Roger Cole
Subscriber
It's true. I vacuum them regularly and keep them in ziplocs except for when they're in the camera or being loaded/unloaded. Compressed air and brushes just move the dust around, use the vacuum. Keep your camera interior spotlessly clean too, vacuum there too and be careful of the bellows. Pulling a darkslide can generate static electric charges and all the dust in the camera will stick to your film.
When loading, I slide the darkslide back about two inches and insert the sheet while holding that side down and the holder over my head.
For 8x10 I put together a set of the old Kodak / Folmer & Schwing wooden holders with disassembleable lightraps - it's amazing how much crud can accumulate in a trap that big.
I wasn't questioning your honesty, BTW, just amazed.
Drew, I can't recall EVER having a medium format shot ruined by dust on the film.
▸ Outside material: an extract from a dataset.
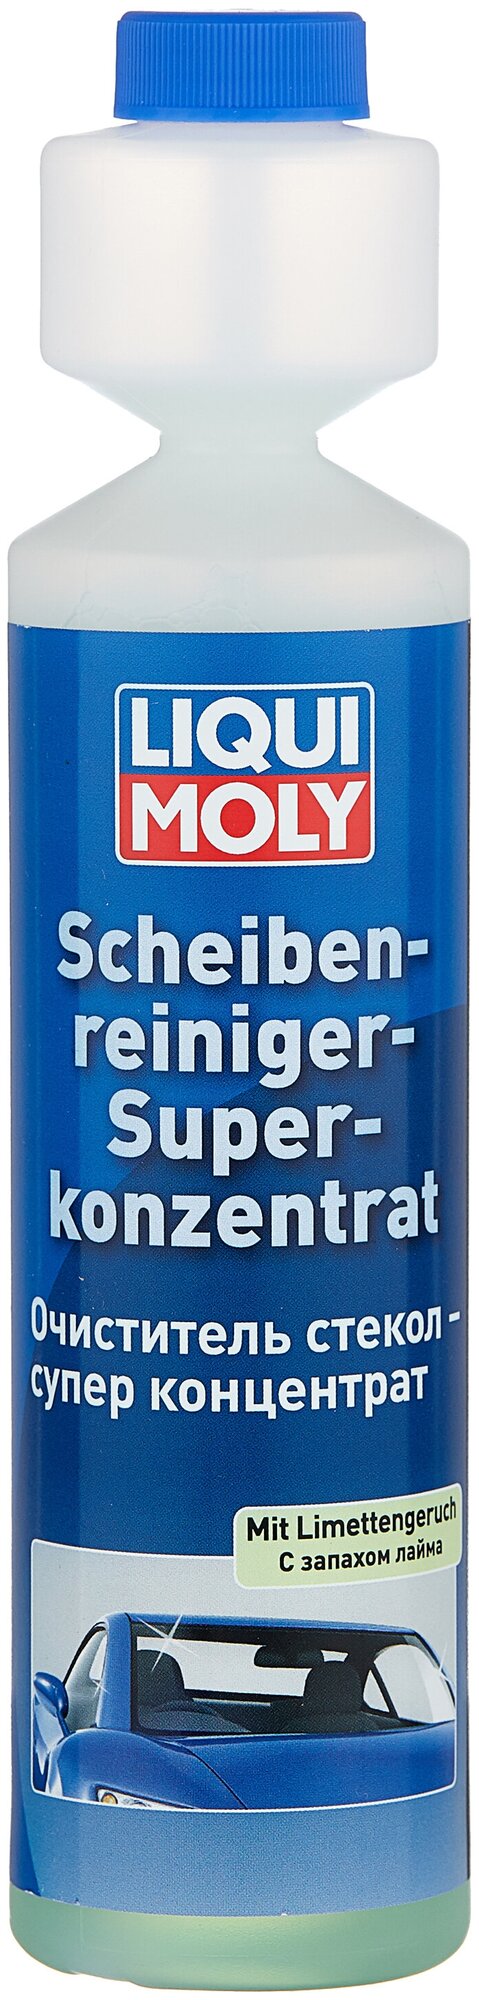 2385 Scheiben-Reiniger-Super Konzentrat — Очиститель стекол суперконцентрат (лайм) 0.25 л.

I'm lucky if 1/2 my sheet film shots are dust free and I go to relatively heroic measures, but not as much so as you two I guess. My only MF SLR is my M645Pro which should produce less dust than 6x7 just from less film to have dust on, but worse when it happens due to more enlargement. I can't recall ever printing a 645 neg to 16x20 but with today's films I wouldn't hesitate if I have a shot that would work at that size (well, maybe not from my pushed D3200, unless the grain was really part of the effect, but certainly from FP4+ or even Tri-X.) My other MF is a TLR without the mirror and focal plane shutter. I HAVE printed those to 15" square on 16x20 paper without dust. (From Pan F+ - looked great.)